The lines to return run from the one containing "Wet room vinyl flooring hinged" through the end of the material; give them exactly and leave out the pictures.

#### Information provided
----

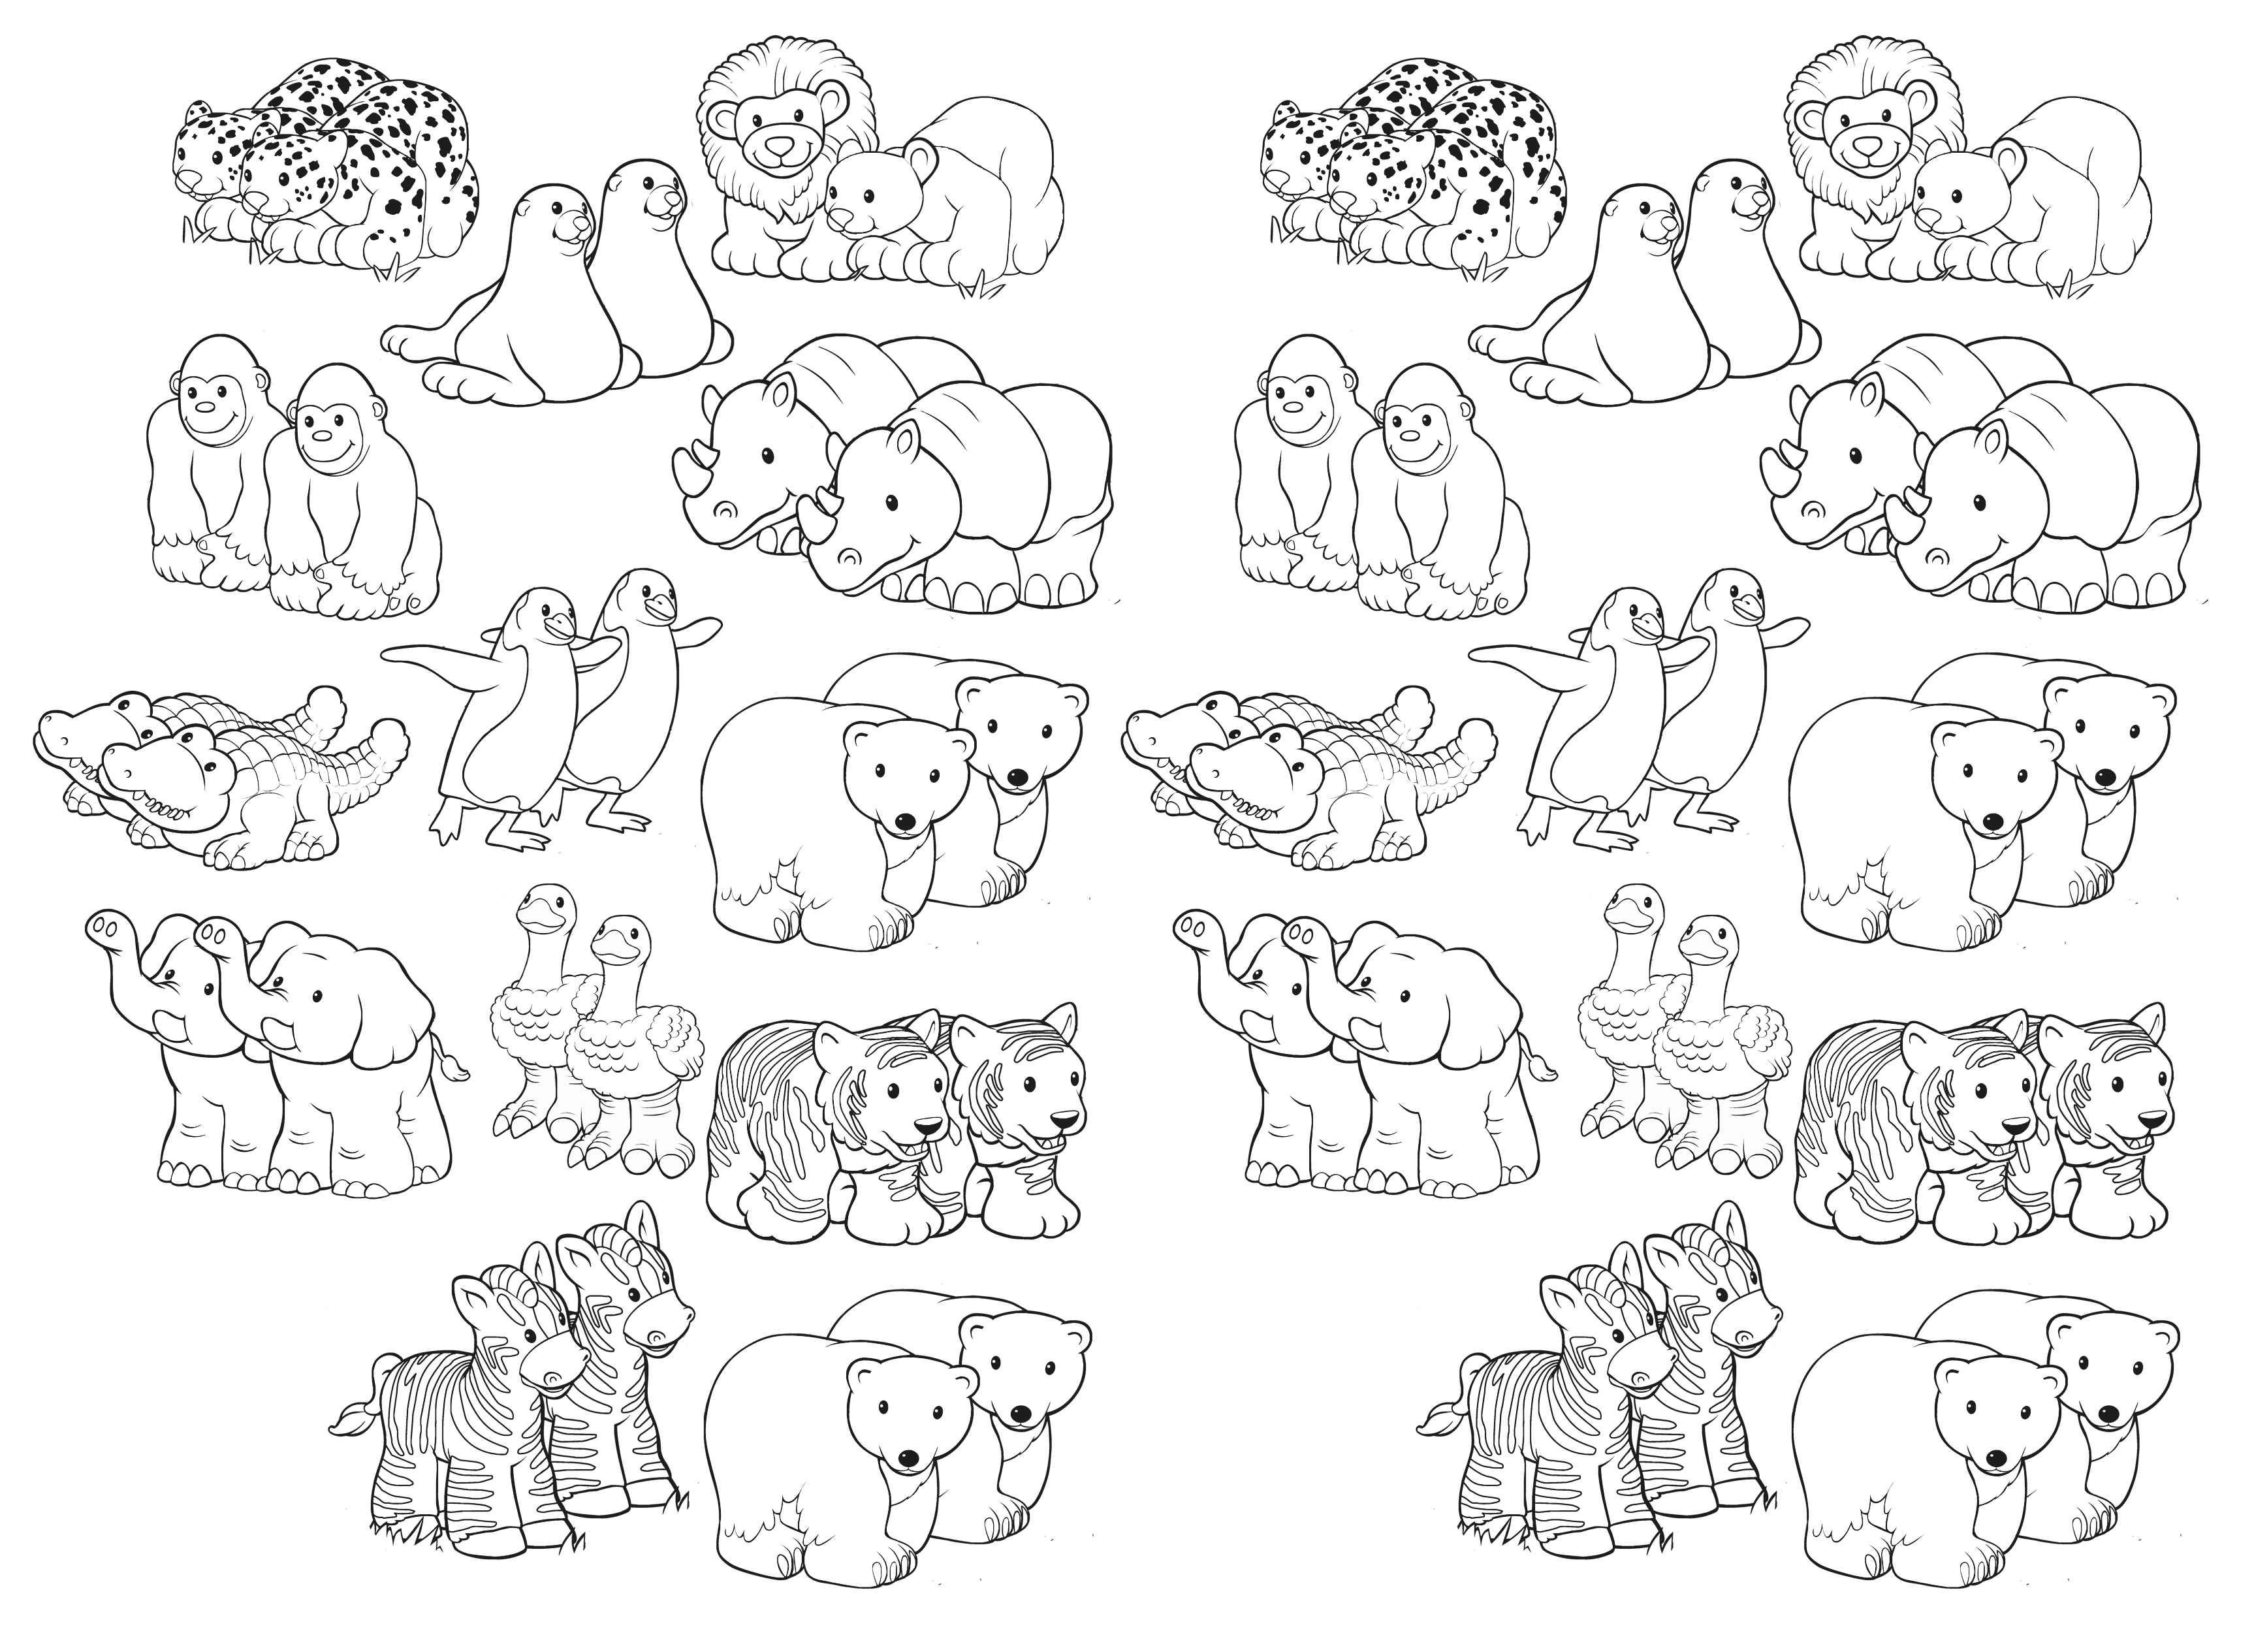 Noahs Animals Coloring Pages Bible Coloring Pages Noahs Ark
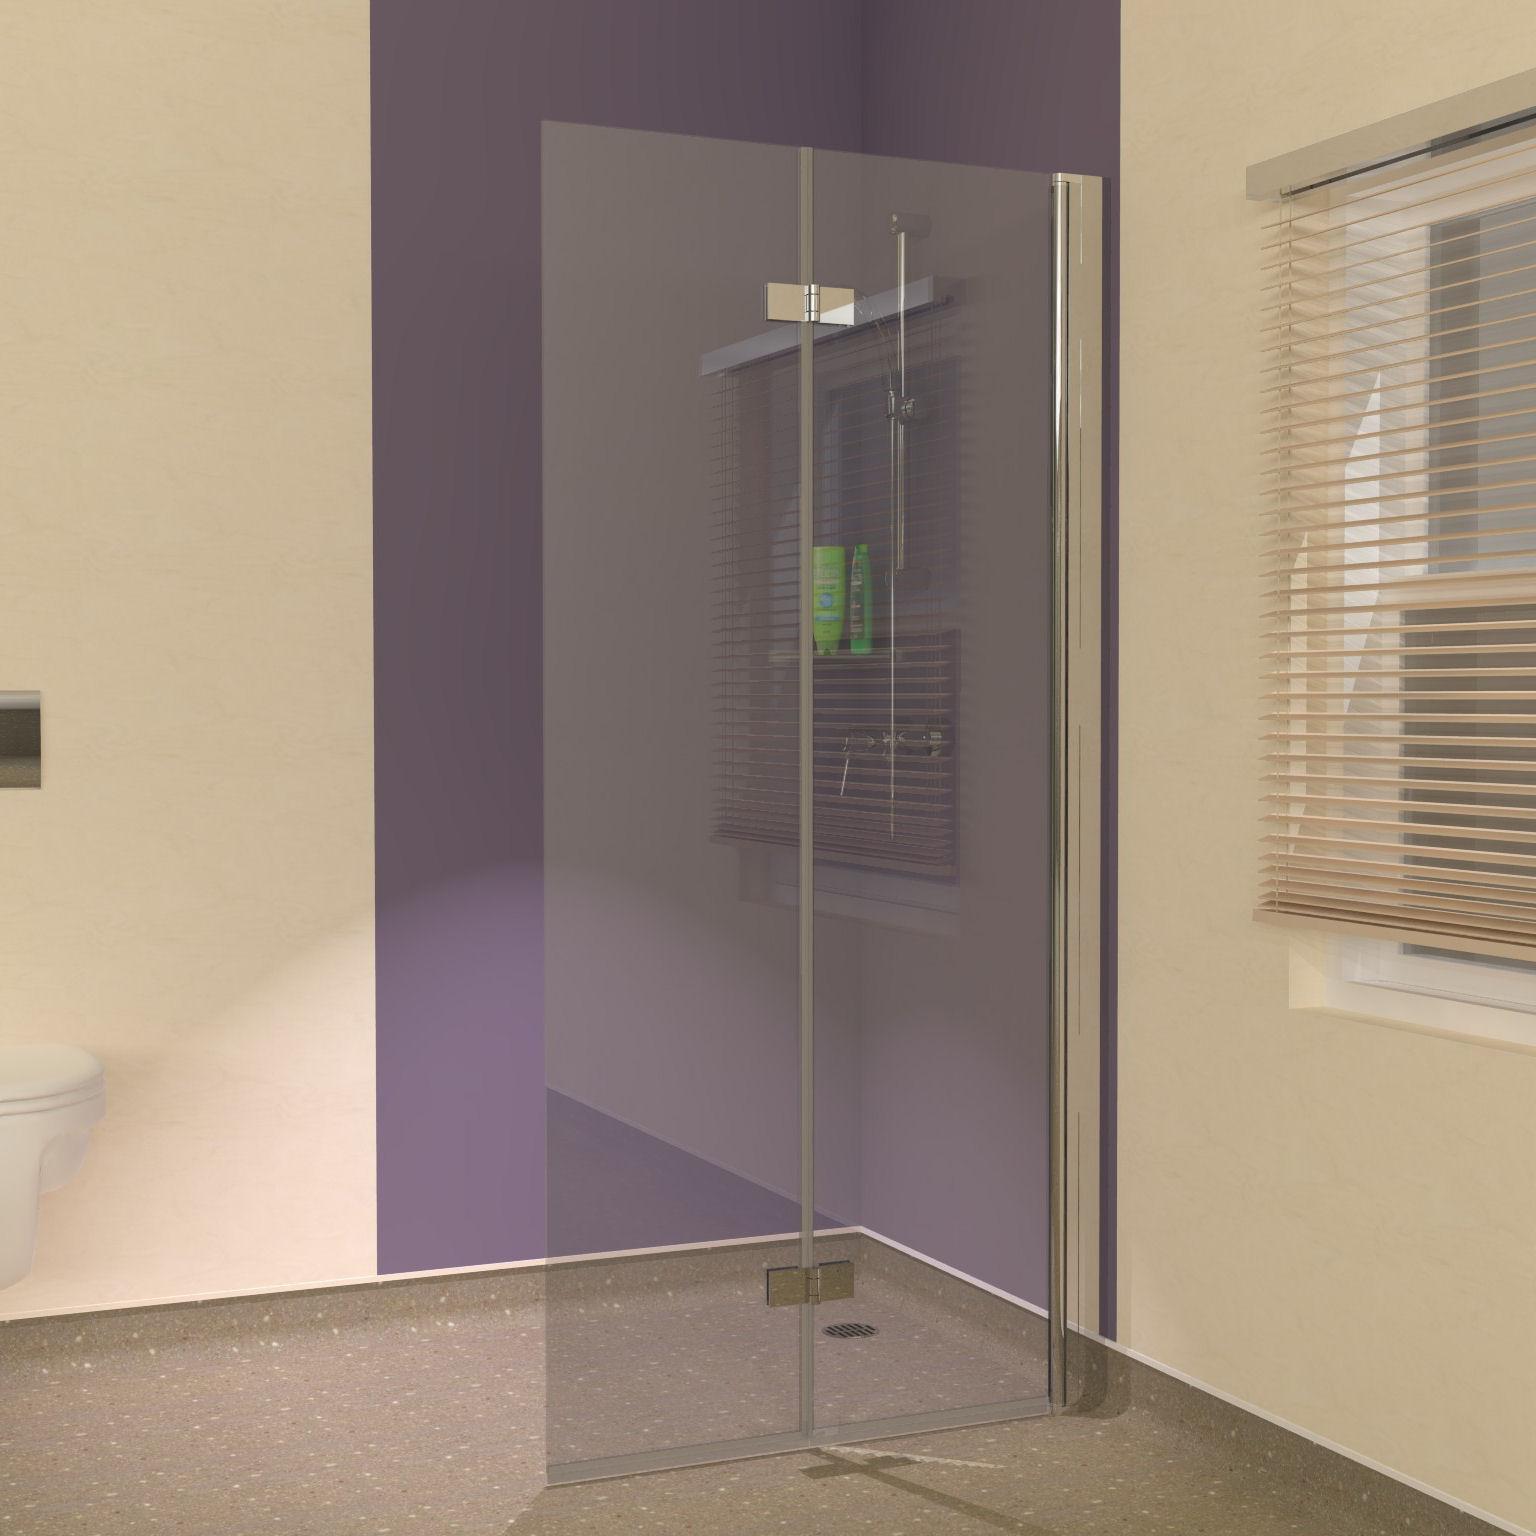 Wet room vinyl flooring hinged glass shower screens for Wet room vinyl flooring
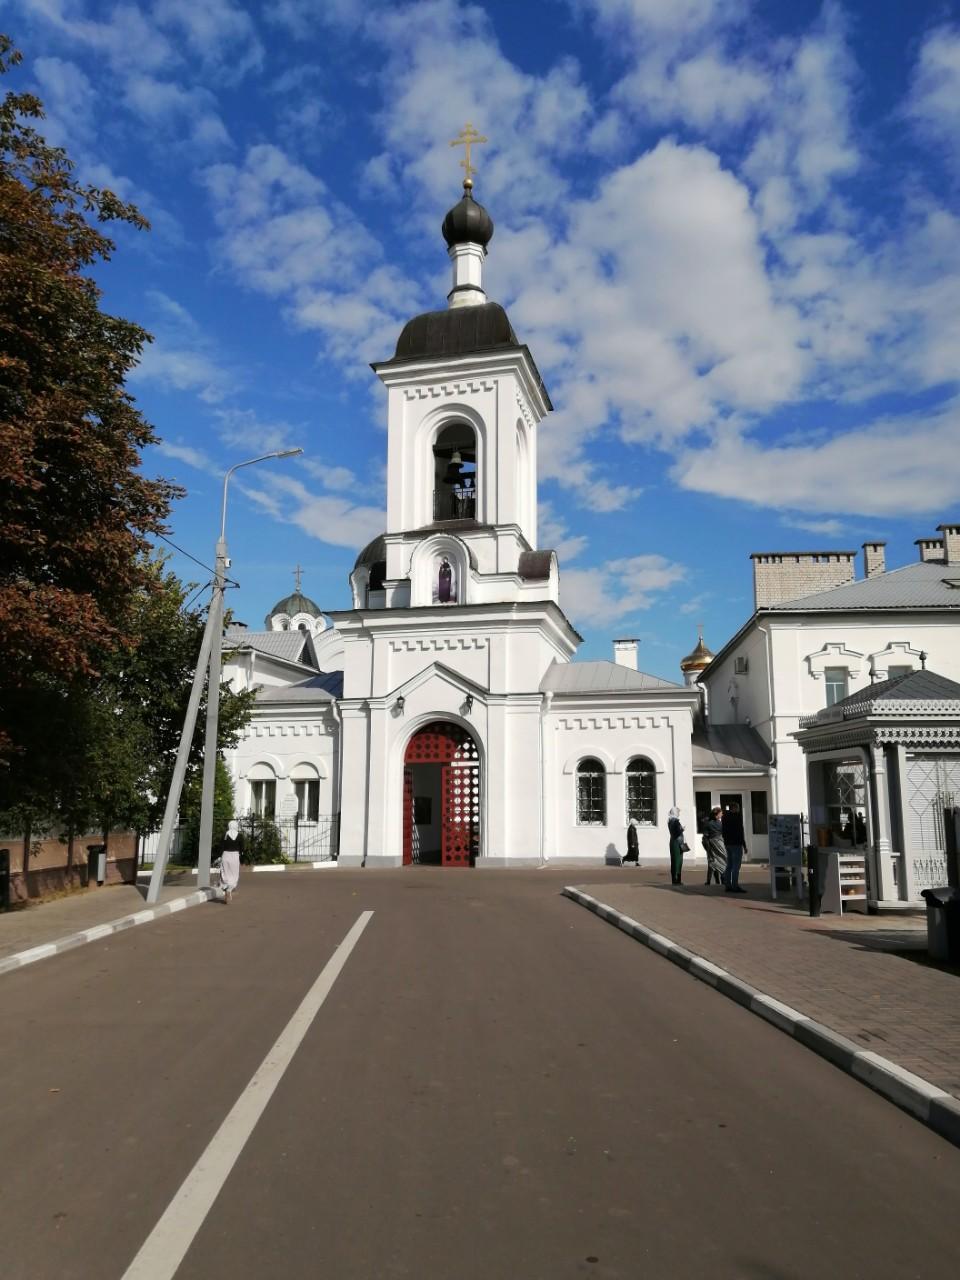 image 0 02 04 42466af6abfb787c33e0e46dcf83395bf5254d61d049b6eb2b91dc10c4891775 V - Спасо-Евфросиниевский монастырь в Полоцке

----

#### Answer to this problem
 Wet room vinyl flooring hinged glass shower screens for Wet room vinyl flooring
 image 0 02 04 42466af6abfb787c33e0e46dcf83395bf5254d61d049b6eb2b91dc10c4891775 V - Спасо-Евфросиниевский монастырь в Полоцке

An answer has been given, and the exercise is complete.